Isambard: We will reduce methane emissions from livestock by eating the livestock.
DR: What is the meaning of ‘Man lyk blow da load’ as stated on your Twitter feed as part of your welfare policy of a universal basic income funded by the legalisation of drugs?
Isambard: [laughter] Actually it’s ‘loud’, as in ‘blow loud’. Blowing your load is a different thing completely, right Daenerys? This is actually a statement from our Welfare Minister, G-Plan, who likes to blow loud, bun and cotch, blazin’ squad, you get me?
DR: Not really. Under ‘Housing’ you suggest that all accommodation belonging to bankers is to be compulsorily purchased. To what end?
Isambard: It will be added to the stock of social housing to reduce waiting lists and alleviate poverty. Although, I should point out that I’ve bagsied a penthouse in Vauxhall.
DR: You advocate the instatement of ‘air, road and rail corridors’ to and from allied areas. This rather begs the question, what is to stop the rest of the UK invading South London?
Isambard: Same thing as now – rents. Rents and £6 pints.
DR: Ostensibly, at least, one of the key issues in the EU Referendum was that of immigration. Where do you stand on that?

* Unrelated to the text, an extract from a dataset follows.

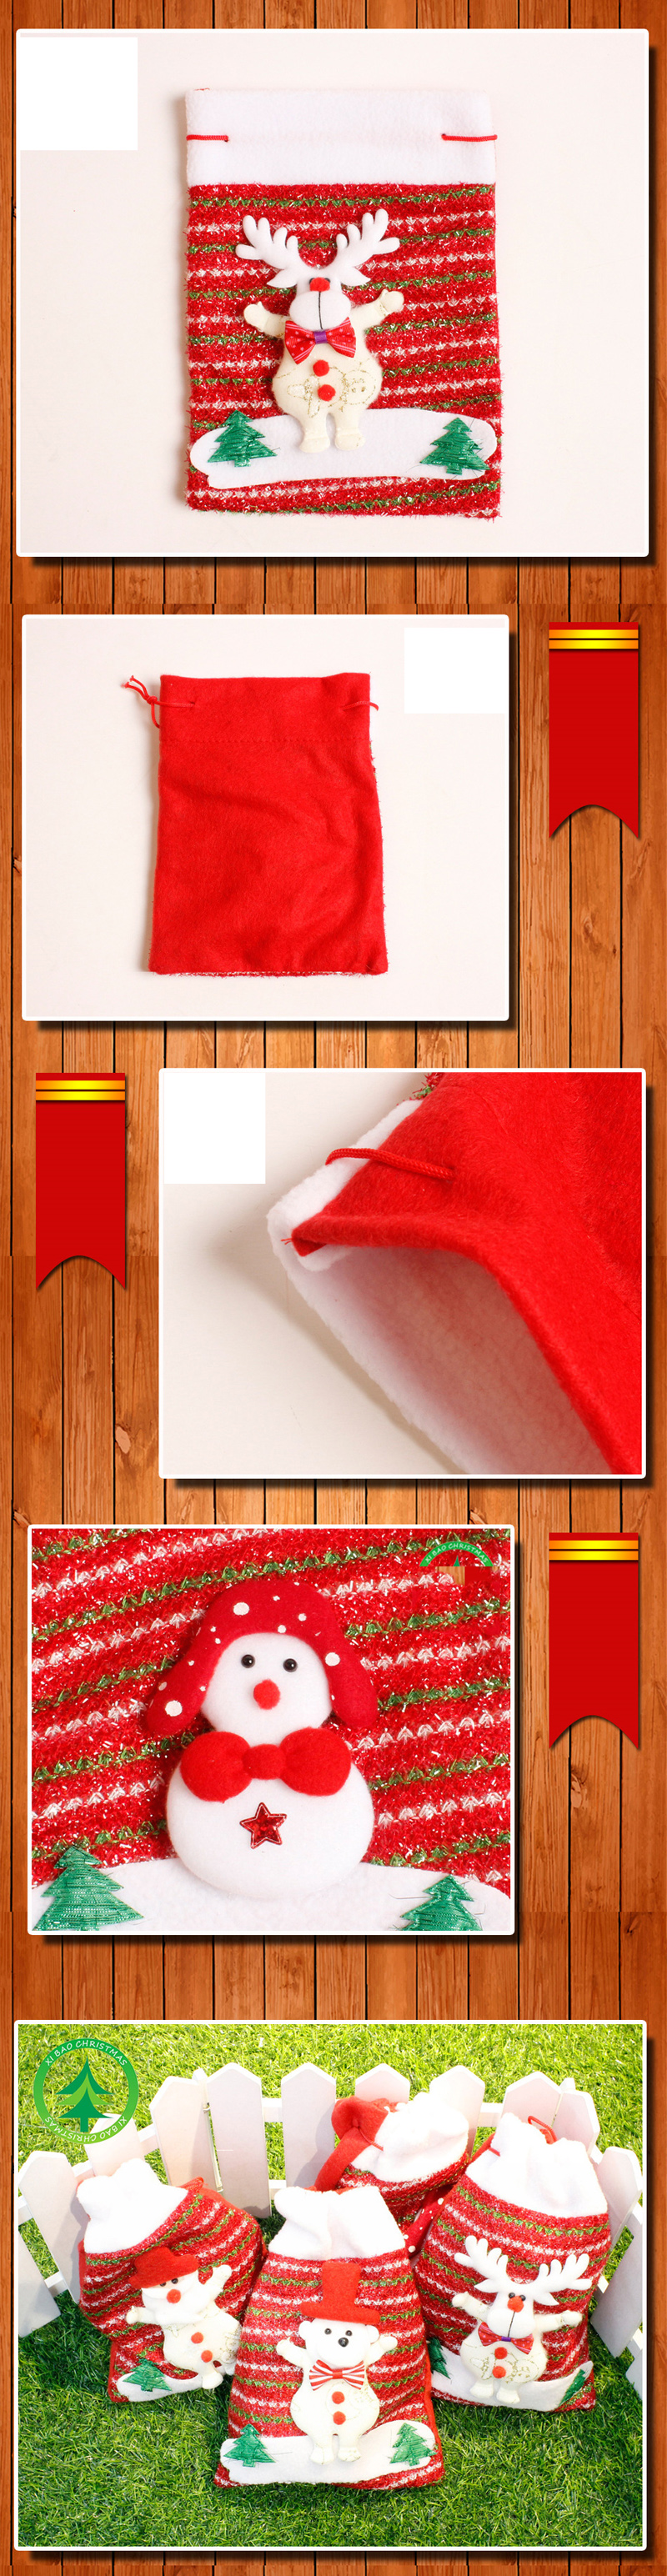 Christmas-Day-Stocking-Packing-Gift-Box-Cute-Santa-Decoration-Candy-Box-Stocking-Christmas-Gift-Bags-1220287

Isambard: We’re fine with immigrants. We prefer them to racists. They’re nicer to talk to.
DR: What is your position on the Garden Bridge?
Isambard: We’re quite clear on this. We think there should be another Garden Bridge for Jennifer Saunders, right next to the proposed one. Think about it. It’s only fair. I mean, without her no one today would have even heard of Joanna Lovely.
DR: Your bio on Twitter states ‘Independence for South London. And Elsewhere’. What does this mean?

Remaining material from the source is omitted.